Au-delà du cheptel, les professionnels insistent sur l’importance d’améliorer la productivité. «L’objectif n’est pas uniquement d’augmenter le nombre de vaches, mais de produire davantage avec moins», expliquent-ils. À titre d’exemple, certaines exploitations marocaines atteignent déjà des niveaux de production comparables aux standards internationaux, avec jusqu’à 8.000 litres par vache et par an, bien au-delà de la moyenne nationale visée à l’horizon 2030. «C’est la voie à suivre : améliorer la performance pour renforcer les revenus des éleveurs tout en réduisant l’empreinte environnementale», ajoutent-ils.

La digitalisation constitue un autre levier majeur de transformation. Un programme structurant est en cours de déploiement pour permettre aux éleveurs de suivre en temps réel les performances de leur cheptel via des outils numériques. «Cela permettra d’optimiser la reproduction, l’alimentation et la gestion globale des exploitations», expliquent-ils, promettant une véritable «révolution» dans la gestion des élevages.

Il faut dire que, malgré les tensions, la filière a réussi à maintenir l’approvisionnement normal du marché national. Ce résultat est attribué à une mobilisation conjointe de l’État et des opérateurs, à travers des mesures de soutien, notamment sur les intrants et la régulation des importations de poudre de lait. «L’offre a été maintenue et les besoins des consommateurs ont été satisfaits», soulignent-ils. De même, en dépit de la montée des coûts de production, le prix de l’or blanc est resté inchangé. À chaque crise, l’État et l’interprofession ont procédé à des mesures chirurgicales de grande complexité : subventions des aliments pour bétail, exonérations des importateurs de génisses laitières des droits de douane, renforcement de l’insémination artificielle... Bref, autant de mesures qui ont permis non seulement de garantir la disponibilité des produits laitiers sur les rayons, mais aussi de maintenir leurs prix inchangés. Le consommateur ne s’en rend peut-être pas compte, mais derrière l’approvisionnement normal du marché et le maintien des prix pendant les différents chocs vécus par le Royaume, une machine de gouvernance sectorielle bien rodée s’active pour préserver l’équilibre d’un écosystème résilient, qui fait vivre des milliers d’agriculteurs en amont et génère des milliers d’emplois dans l’aval de la filière.
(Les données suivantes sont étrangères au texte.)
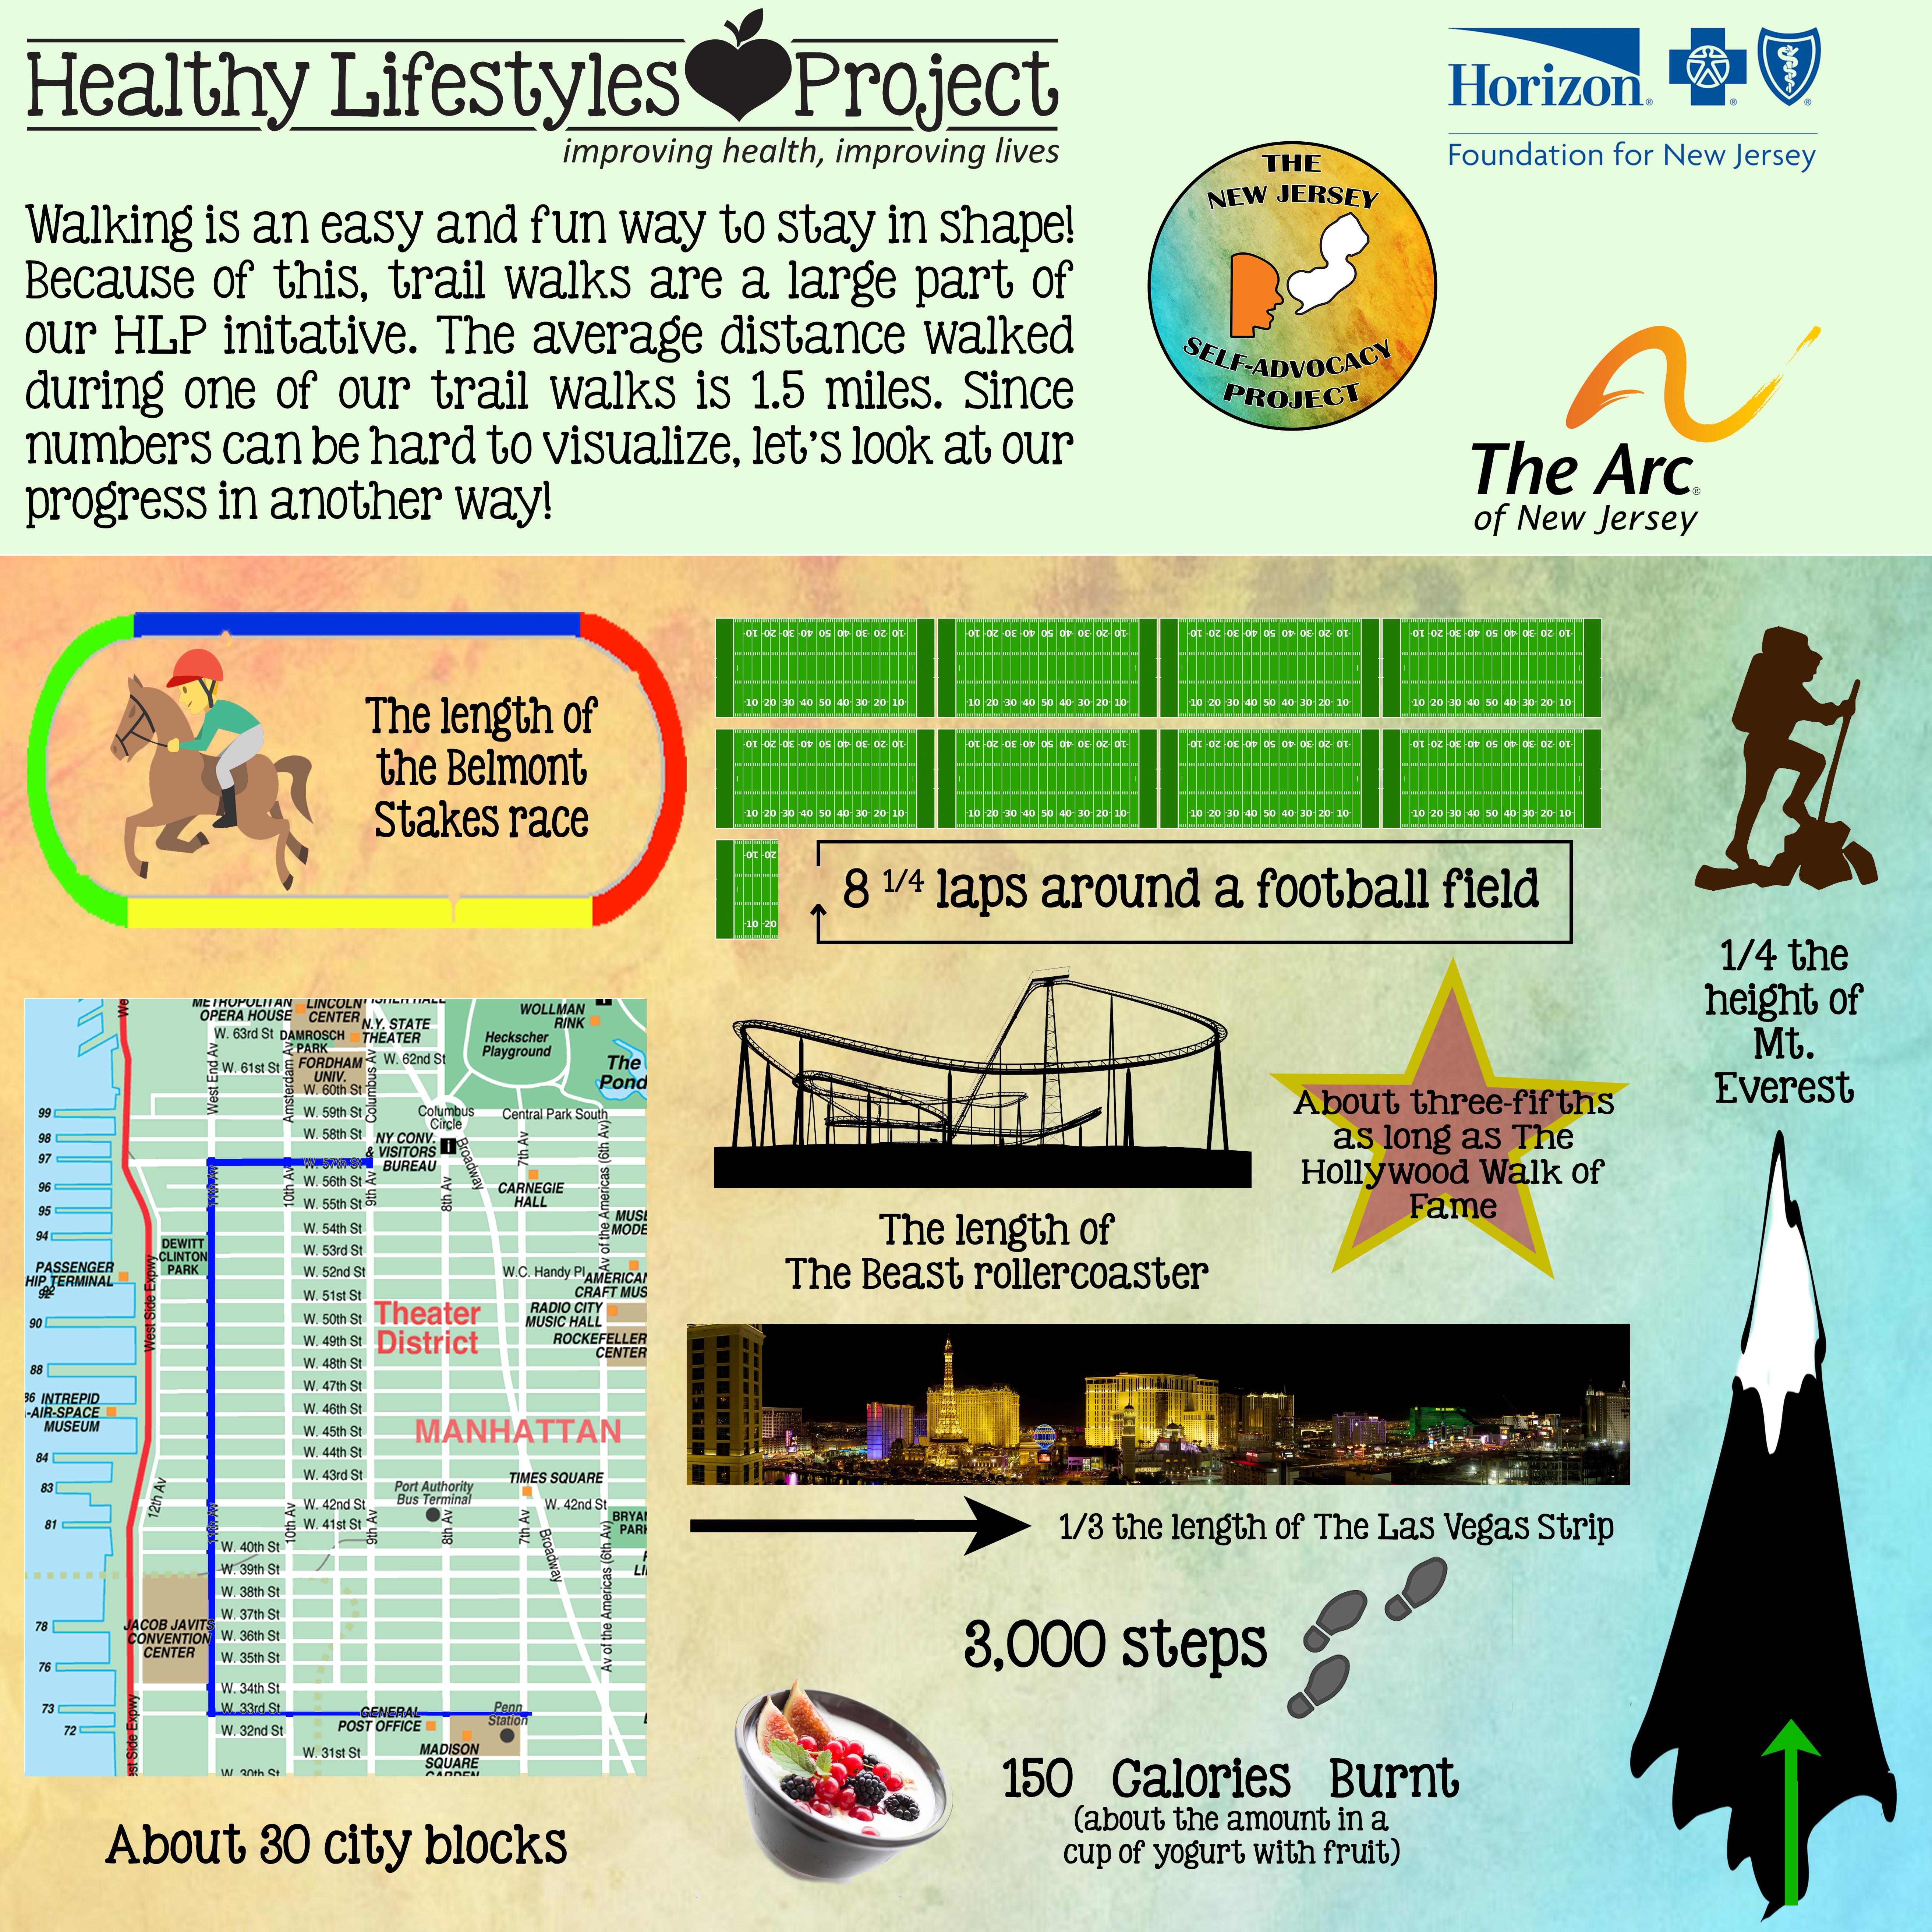 Trail Walk Infographic

Les dirigeants de Maroc Lait font état d’un repli très marqué de la consommation de l’or blanc en 2024, en partie lié à la diffusion de fausses informations sur les bienfaits du lait. Face à cette situation, l’interprofession a, encore une fois, dû rétablir l’équilibre en engageant des actions de communication intensives pour restaurer la confiance. «Le lait reste un produit essentiel, riche en protéines, vitamines et minéraux, adapté à tous les âges», rappellent-ils. Les premiers signes de reprise sont déjà perceptibles. Pour les années à venir, les professionnels affichent un optimisme prudent. «L’agriculteur reste par nature optimiste», confient-ils, en soulignant les efforts engagés en matière de gestion de l’eau, d’innovation technologique et de gouvernance. La filière bénéficie également d’une organisation de plus en plus professionnalisée, inspirée des standards du secteur privé, ce qui renforce la confiance des éleveurs. «Les bases sont en place. Avec le soutien de l’État et l’engagement de l’ensemble des acteurs, les perspectives restent positives, malgré les défis», soutient le management de Maroc Lait, qui ambitionne de relever un autre défi stratégique à moyen terme : exporter les excédents laitiers. «Pourquoi pas. Tout l’enjeu aujourd’hui est de parachever la recapitalisation du cheptel laitier, d’assurer une souveraineté sur les semences en les produisant localement et d’optimiser la productivité. Si nous atteignons ces objectifs, nous pourrons ensuite engager la prospection des marchés à l’export. L’écosystème laitier marocain en est capable», concluent-ils.